*** Opening Data supplied ***
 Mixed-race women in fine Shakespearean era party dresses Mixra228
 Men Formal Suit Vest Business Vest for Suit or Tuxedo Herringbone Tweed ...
*** Closing Data supplied ***
*** Opening Data supplied ***
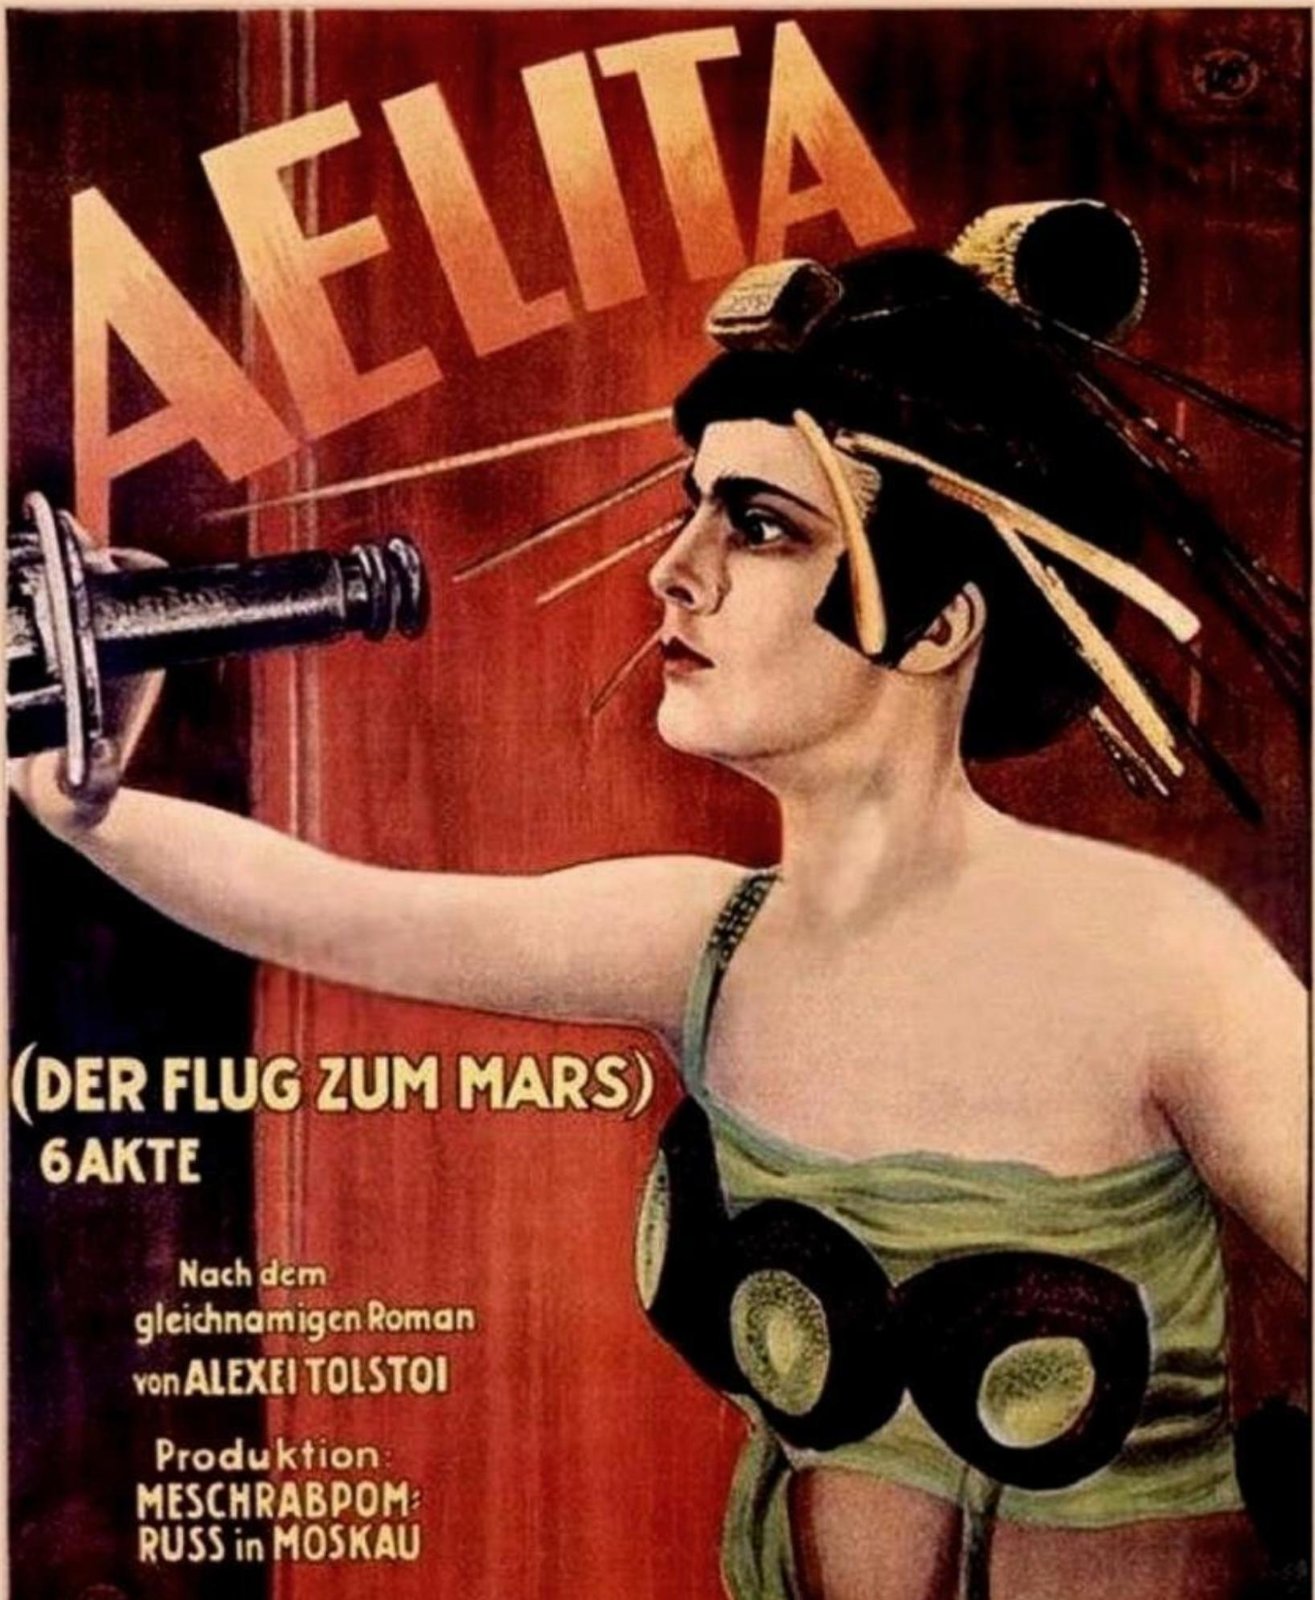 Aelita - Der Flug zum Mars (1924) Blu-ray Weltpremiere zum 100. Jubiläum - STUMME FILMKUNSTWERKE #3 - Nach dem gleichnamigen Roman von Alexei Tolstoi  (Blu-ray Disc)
*** Closing Data supplied ***
--- Your assignment ---
Start with the line above that contains "Mixed-race women in" and stop after the line that contains "Men Formal Suit". Output those lines exactly, and only those.

--- Exercise response ---
 Mixed-race women in fine Shakespearean era party dresses Mixra228
 Men Formal Suit Vest Business Vest for Suit or Tuxedo Herringbone Tweed ...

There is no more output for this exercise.